- 406 Okunma
- 1 Yorum
- 0 Beğeni
ÇANKAYA SOFRASI
Biliyorsunuz, Mustafa Kemal Kurtuluş Savaşı’nı Samsun’a ayak basmasının daha on birinci gününde Havza’da halka mitingler düzenleterek başlatmıştır. İlk miting, 6 Haziran Cuma günü, köylerden akın akın gelen halkın namazdan sonra ellerinde bayraklarla tekbirler getirerek alanı doldurması ve cübbesini giyip Havza’ya koşmuş Direm Köyü imamı Sıtkı Hoca’nın ateşli konuşmalarıyla gerçekleştirilmiş ve Kurtuluş Savaşı’nın ilk ateşi yakılmıştır.
Mustafa Kemal, Erzurum ve Sivas Kongrelerinden sonra da, İngilizlerin 16 Mart 1920’de Osmanlı Meclisi’ni basıp kimi milletvekillerini Malta’ya sürmesi üzerine 19 Mart’ta bir bildirge yayımlayarak Meclisin Ankara’da toplanması için uğraşmaya başlamıştır.
Silah arkadaşları ise ’’Önce vatanı kurtaralım’’ diyerek Meclis için uğraşmasına şiddetle karşı çıkmakta ve bu işleri bırakıp cepheye gitmesini istemektedirler. Ama Mustafa Kemal ’’önce Meclis, sonra ordu’’ demektedir ısrarla.
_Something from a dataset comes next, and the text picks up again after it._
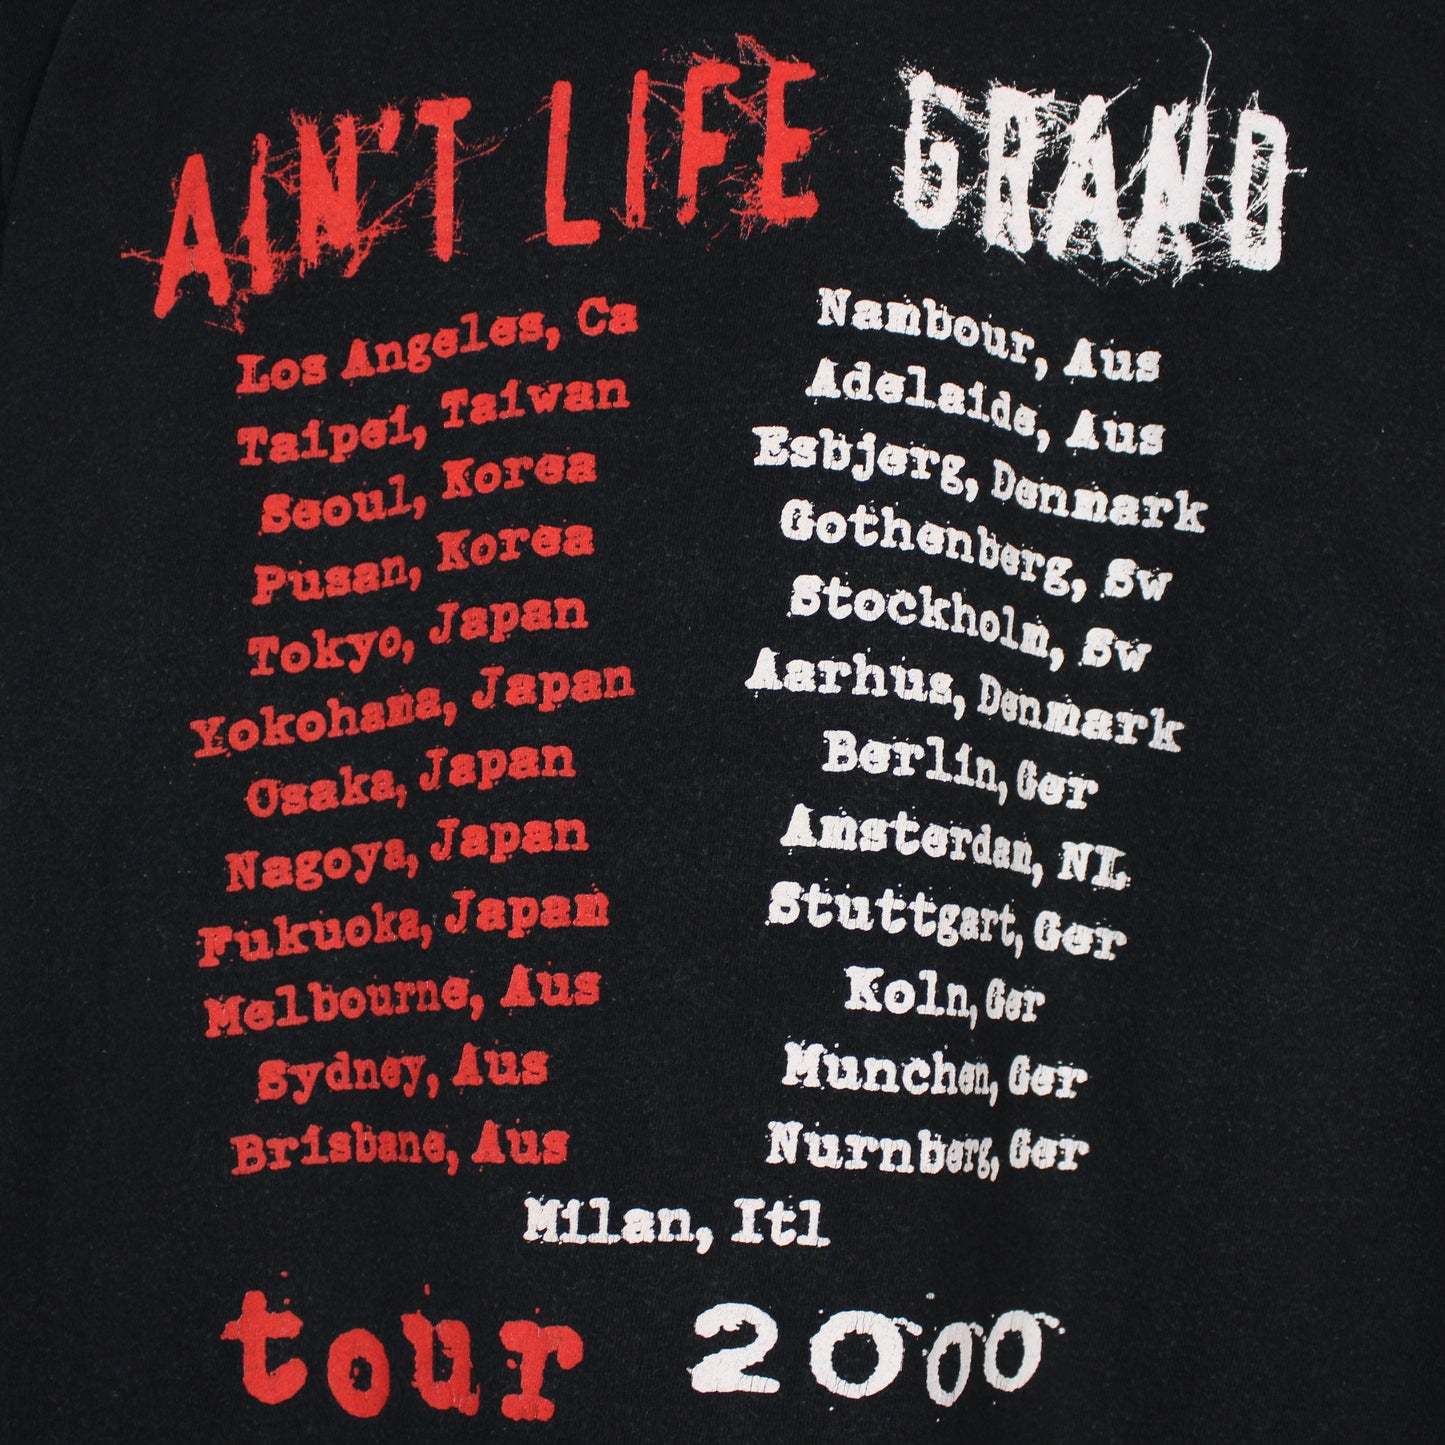 Vintage 2000 Slash's Snakepit Aint Life Grand Tour Tee - L

Oysa, büyük çoğunluğu zaten İngilizlerin elinden kaçmış Osmanlı milletvekillerinden oluşan Büyük Millet Meclisi’nin neredeyse bütün üyeleri Hanedan ve Hilafet yanlısı şeriatçılardır. Nitekim ne zaman Ankara’dan uzaklaşsa, hemen evkaf ve şer’iye Vekaleti gibi Osmanlı İmparatorluğu’nda bile bulunmayan bakanlıklar kurup , yasalar çıkartmakta, şe3riatçı girişimlerde bulunmaktalar,ancak gizli oturumlarda zorla düzelttirilebilmektedir bu kararlar. İsmet Paşa’nın anılarında yazdığına göre de, Mustafa Kemal bu sıkıntılı anlarında kendisine sık sık telgraf çekip, ’’Artık Meclis’le çalışmak mümkün olmayacak. Meclis kapatılırsa ne gibi durumlar ortaya çıkar?’’ diye sormaktadır.
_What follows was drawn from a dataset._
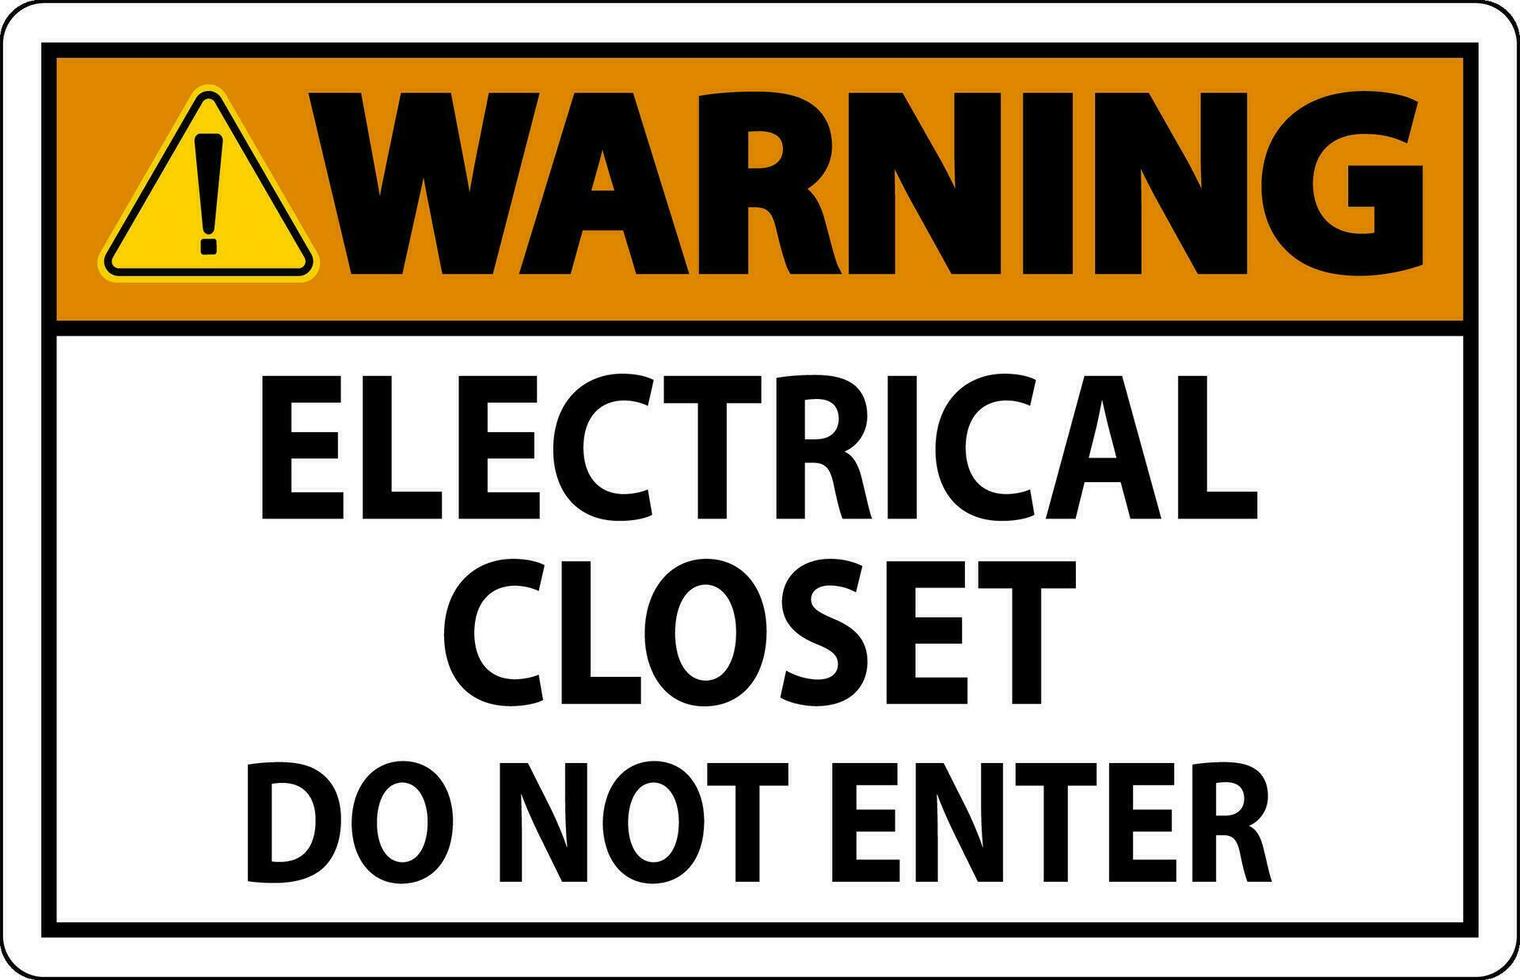 waarschuwing teken elektrisch kast - Doen niet invoeren vector

Ne var ki, o zor anlarında bile yakın dostlarıyla akşamları kurduğu sofralarda ülke sorunlarını tartışıp kendisini yenileyerek ertesi sabah bu şeriatçılarla boğuşacak gücü kazandığı için mutlaka, o bir anlık öfkelerle İsmet Paşa’ya çektiği telgrafların üzerinde hiç durmamış, sürekli ’’Önce Meclis’’demiştir.
Galiba hiç kuşku yok ki, bu akşam sofraları sayesinde kurulmuştur Cumhuriyet de...
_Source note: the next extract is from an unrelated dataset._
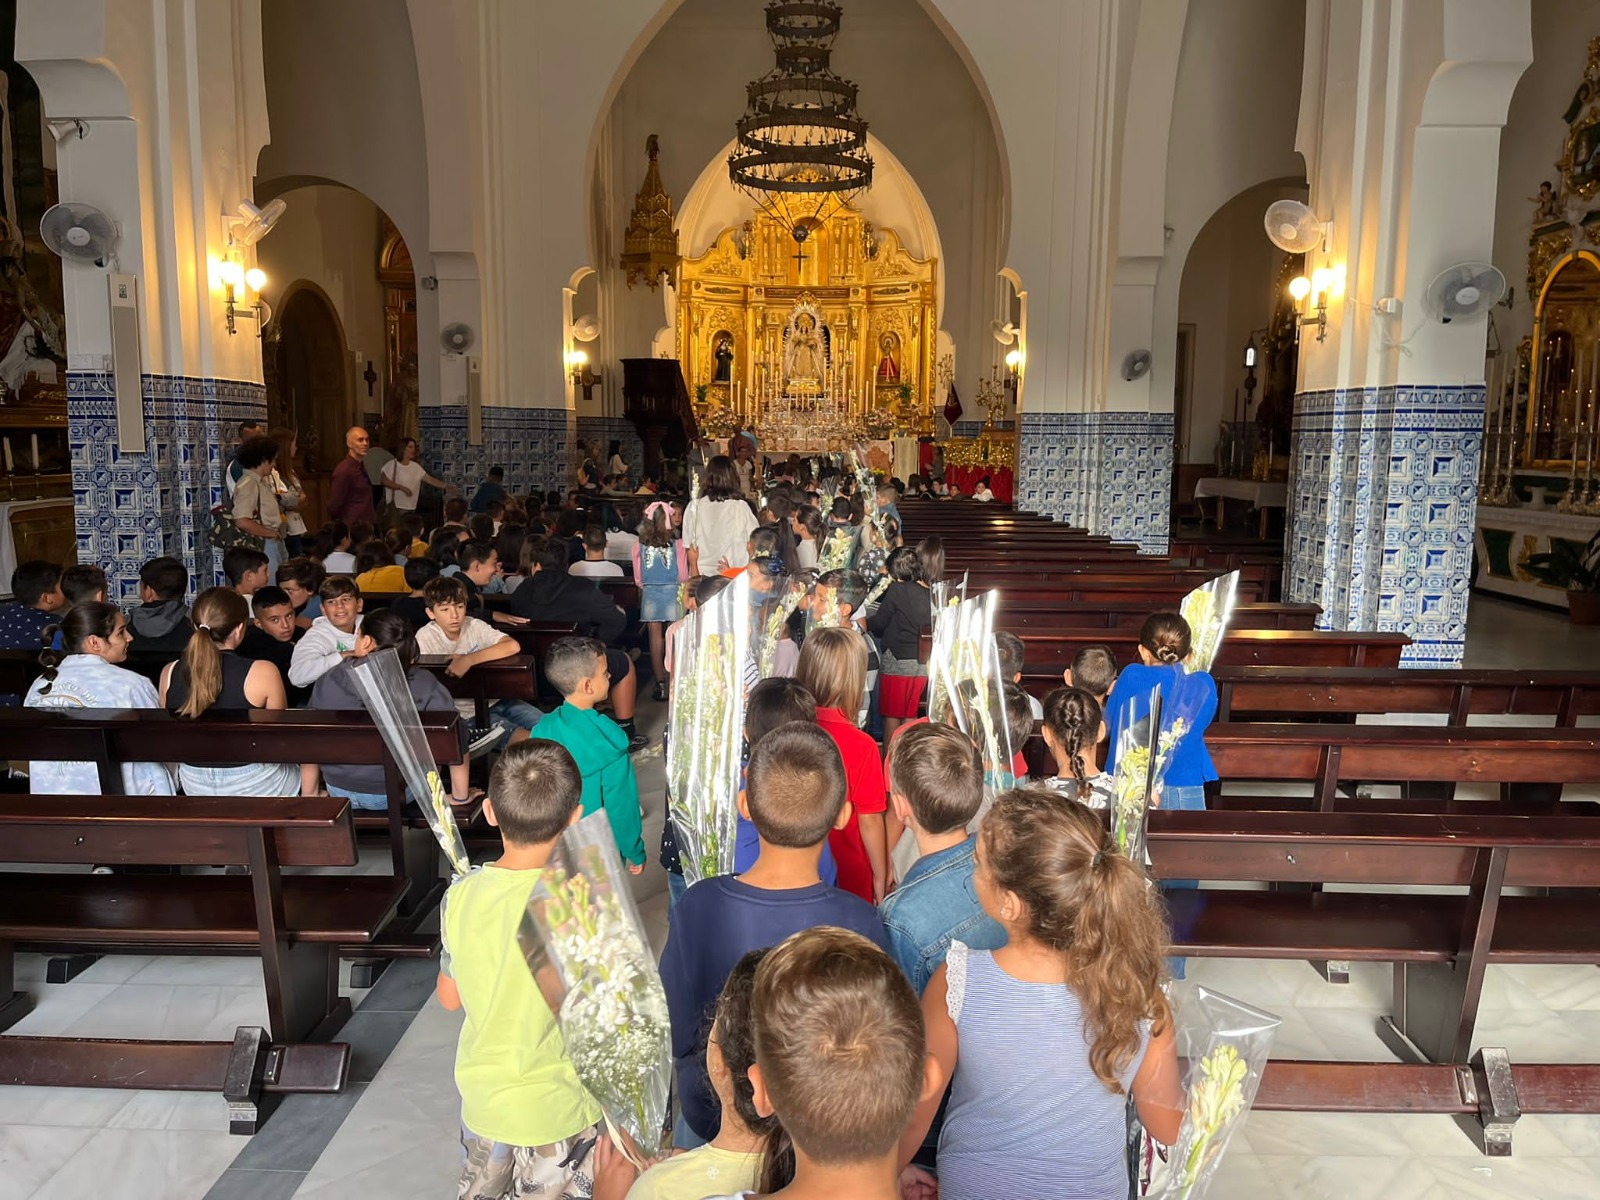 Los pequeños isleños ofrendan nardos a la Patrona de Isla Cristina, la Virgen del Rosario

Çünkü, unutulmamalıdır ki Osmanlı sultanlarının da akşamları yakın dostlarıyla kurduğu ’’Yaran Sofraları’’ vardır ve Osmanlı devletinin kısa sürede bir İmparatorluk haline dönmesi de,galiba gene hiç kuşku yok ki Enderun okulunda büyük bir reform yapıp, onu bir üniversite haline getirmiş, şehzadelerin eğitimini şairlere bırakmış, şiir yazan ilk Osmanlı sultanı II. Murad’ın başlattığı bu ’’Yaran Sofraları’’ nın bir eseri olsa gerektir.
Kısacası, Mustafa Kemal’in ’’Çankaya Sofraları’’da kesinlikle geyik muhabbeti yapılan işret sofraları değildir.
Nitekim ’’Yakup Kadri ,Ruşen Eşref ve ben bu sofraların demirbaşlarıydık’’ diyen Falih Rıfkı da’’Çankaya’’adlı kitabında, ’’Mustafa Kemal, omuzlarındaki yükün ağırlığı hakkındafikri olmayan bir kabile reisi değildi, görevlendirdiği her arkadaşını sınavdan geçirirdi’’, örneğin ’’Türk dili ve Türk tarihi konuları, bu sofralarda tam bir fakülte eğitimine denk zaman tutmuştur’’, ’’ Tebeşirle kara tahta her zaman yemek masasının bir yanında dururdu. Bakanlar, profesörler, milletvekilleri hep o tahtaya kalkmışızdır’’ diye yazmaktadır.